The city’s arbitrariness in the premises is not evident.

It must be remembered that the motive was protection, to the end of diminishing fires and reducing the rate of insurance.

A familiar adage comes in properly enough: Salus populi suprema lex est. Observed with intelligence and moderation, it should not be condemned.

*67In one of the cases that we have had occasion to consult, under the valued policy statute, the insured had agreed in their policy in case of loss to let the loss be adjusted by arbitration. The court held that the valued policy law must prevail.

The valued policy is controlling, as it is a measure in public interest and in order to secure greater certainty in the contract of insurance.

In one of the decisions cited, infra, it was held that the valued policy statute must be regarded as a part of the policy of insurance, and the amount written in the policy as liquidated damages agreed upon by the parties, and that this is so, notwithstanding the policies inconsistent therewith.

Again, in another policy, it was decided, where a subject of fire insurance was real property, that the agreement between the company and the assured that the property should be considered personal was invalid, as in violation of the valued policy.

These points are sustained by the following decisions: Western Assurance Co. v. Phelps, 77 Miss. 625, 27 South. 745, a decision directly in point; Queen Insurance Co. v. Leslie, 47 Ohio St. 409, 24 N. E. 1072, 9 L. R. A. 45; Word v. Southern Mutual Insurance Co., 112 Ga. 585, 37 S. E. 897; Havens v. Germania Fire Insurance Co., 123 Mo. 403, 27 S. W. 718, 26 L. R. A. 107, 45 Am. St. Rep. 570.

Not having succeeded in our researches in finding a single decision to the contrary than that before expressed, and these views being of a convincing character, we must hold that the standard policy statute is repealed by the valued policy statute.

An attempt to limit the insurer’s liability in conflict with the valued policy statute cannot be of any avail.

Something has been said about the mill type construction ; that under the ordinances such a construction was possible, and that the building might have been reinstated under these ordinances without tearing down the front wall.

In the name of the plaintiff company, it was represented to the city department in charge that the new building would be constructed of the same material and after the same fashion as the old.

To this application the officer in charge replied that he could not consent to such a construction, for the reason that it would be in contravention of the public building law.

This excludes the possibility of erecting a new building on the remnants of the old, which we must hold, under the valued policy law, was a total loss.

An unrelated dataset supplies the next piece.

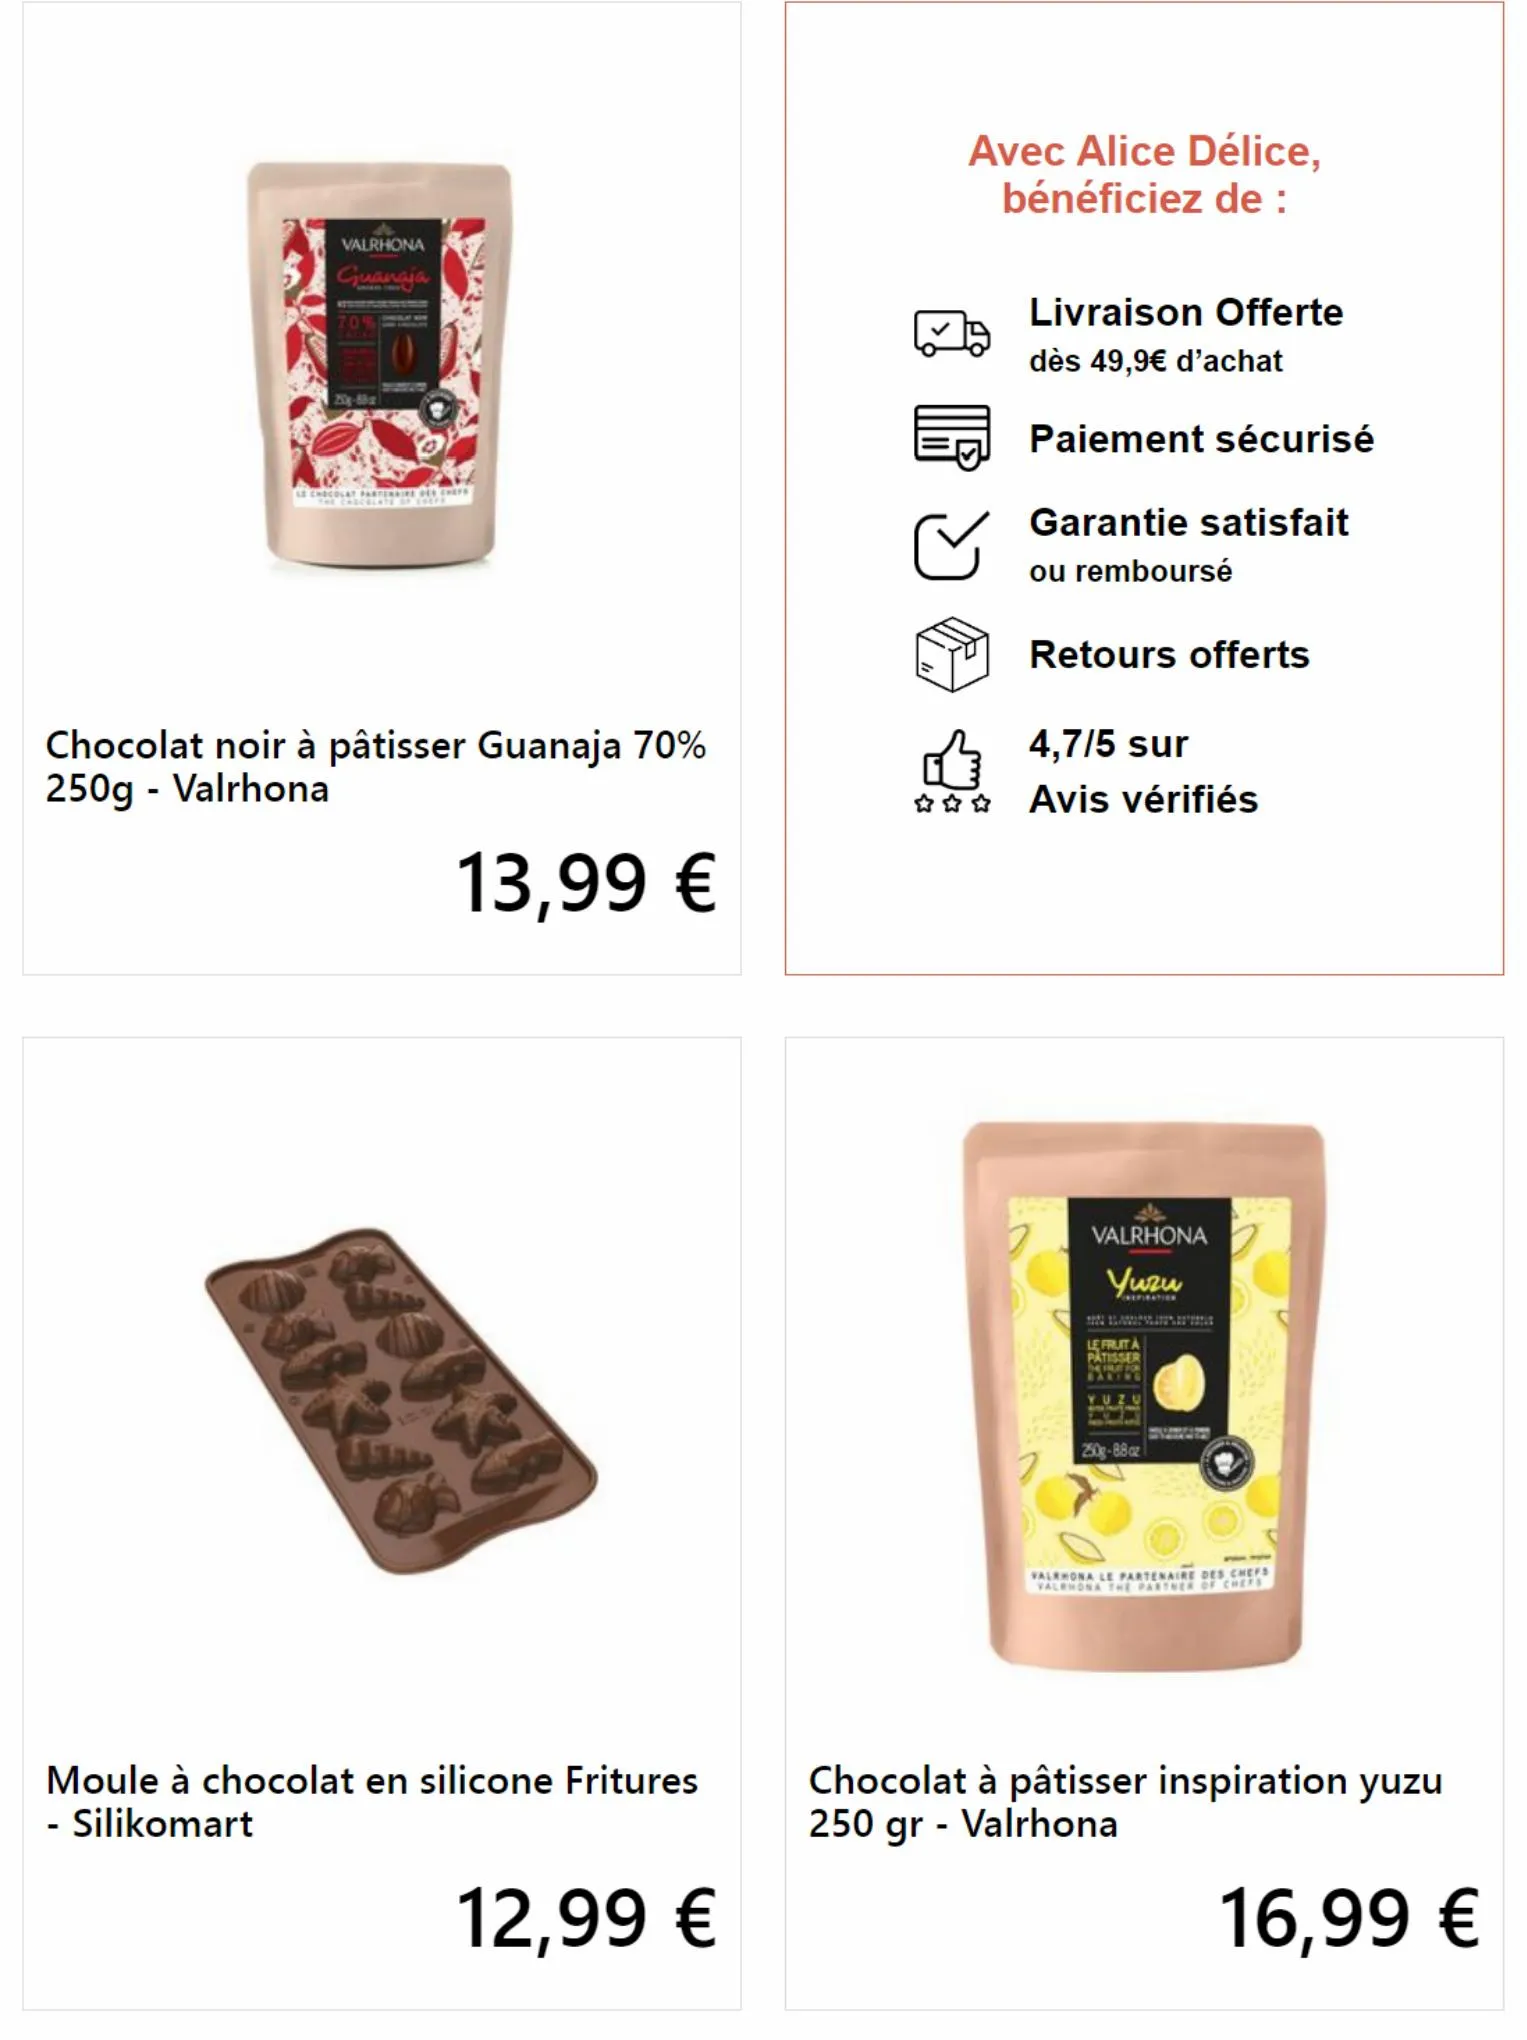 Catalogue Mes fritures en chocolat maison!, page 00003

In concluding, if there was danger, or if the parties were exposed to damages if the wall had. fallen, the plaintiff would have-been liable in damages.

That was decided in the Werlein Case, 42 La. Ann. 1046, 8 South. 435, 11 L. R. A. 361.

The court said that it was the property of plaintiff that might have been held in damages in case of damage by its fall.

For similar reason, in case of a fall and damages in this suit, plaintiff would have been liable.

For that reason it was proper not to incur the risk, but reasonably comply with the requirements of those in charge of the fire-department of the city.

Plaintiff, in its petition on appeal, called attention to the fact that in the district court, although at first the Macheca Building Company was made one of the plaintiffs, that it was paid, and afterward, by order of the court, its case was discontinued..

The judgment will therefore be amended accordingly.

It is ordered, adjudged, and decreed that our judgment be reinstated; that it is amended by striking out the name of theMacheca Building Company; and that plain*69tiff, New Orleans Real Estate Mortgage & Securities Company remain as plaintiffs; and, as amended, the judgment is affirmed.